競技後のインタビューでは聞き返すことも多い

僕の場合は理屈ではなく、自分なりにいいと思えるやり方をしています。

深呼吸の効果もあるのか、演技が始まる頃には、ほとんど何も考えていない状態になっています。

集中力というものは、おそらくトレーニングでも鍛えられると思います。

僕の場合はもともと高いほうだったのかもしれません。親から聞いた話では、3歳の頃から、何かに夢中になると、他のことは“見えない聞こえない状態”になり、ひたすらそのことだけをやっていたようです。

体操の競技中は極限まで集中しています。

競技が終わったときにいちばん疲れているのは脳で、肉体的なつらさは翌日以降にくるものです。

競技が終わった瞬間は、インタビューを受けても日本語が入ってこないこともあります。質問を受けたあと、「いまなんて言いました?」と聞き返している場合も多いのです。その後しばらくのあいだは、スマホを見ようとしても文字が読めないこともあります。それだけ競技中は集中して目と脳を使っているということなのだと思います。

長丁場の競技でどうやって集中力を保っていたか

一般の人にはあまり関係ないかもしれませんが、僕の場合、体操で6種目の演技をするうえで集中力を切らさないためのパターンのようなものもあります。

個人総合決勝を第1組(予選成績上位の組)で回る場合、床から始まり、鉄棒で終わることになります。

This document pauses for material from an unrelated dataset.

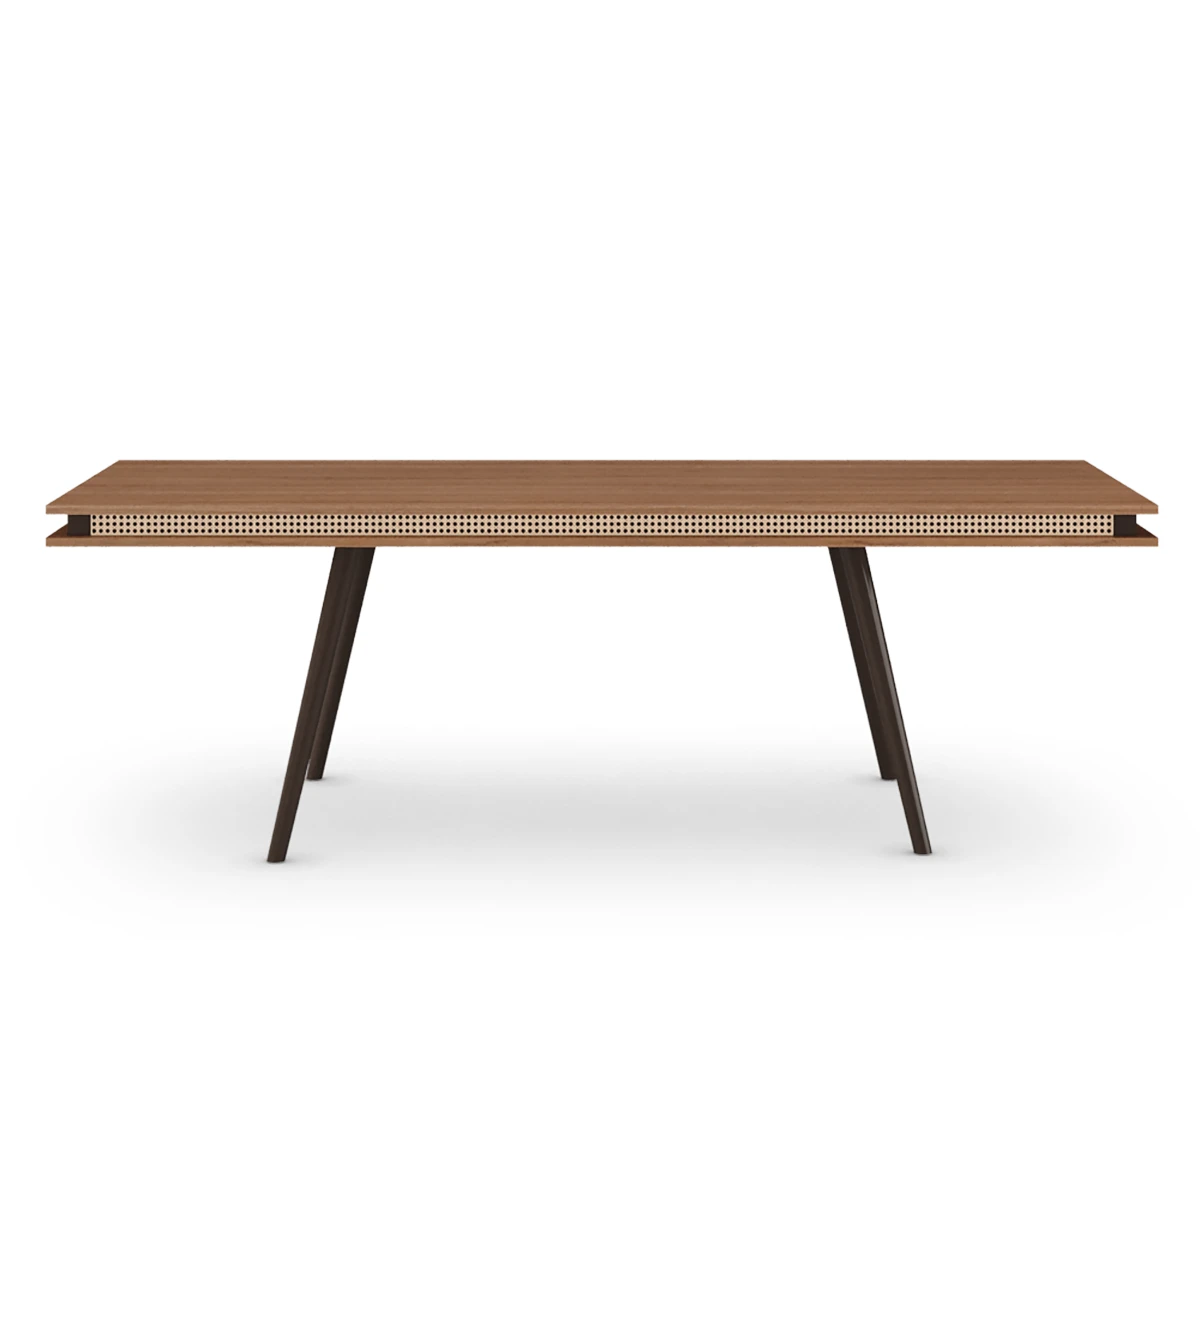 Mesa de comedor rectangular Malmo 240 x 100 cm, tapa en nogal, pies lacados marrón oscuro.

床は得意なので、深く考えないでもミスすることは少ない。2種目目のあん馬は落下しやすい種目なので気を引き締める。次のつり輪は失敗がほとんどない種目なので、ある程度、気持ちをフラットにする。

体操競技用の器具が置かれた体育館
写真=iStock.com/Polhansen
※写真はイメージです

4種目目の跳馬ではまた気合いを入れます。たとえばリオデジャネイロオリンピックではリ・シャオペンという大技をやったので、気持ちを最大限に高めました。

跳馬は競技時間が短いため、ここで間が空きます。そうすると集中が切れやすいので、5種目目の平行棒は“1種目目のつもり”になって気持ちをつくり直します。

6種目すべてに同じ気持ちで臨むのではなく、そうして気持ちを整えていくことをパターンにしていました。

5種目目までうまくいったときは、そのままいくというよりは、6種目目に気持ちを入れ直すようにもしていました。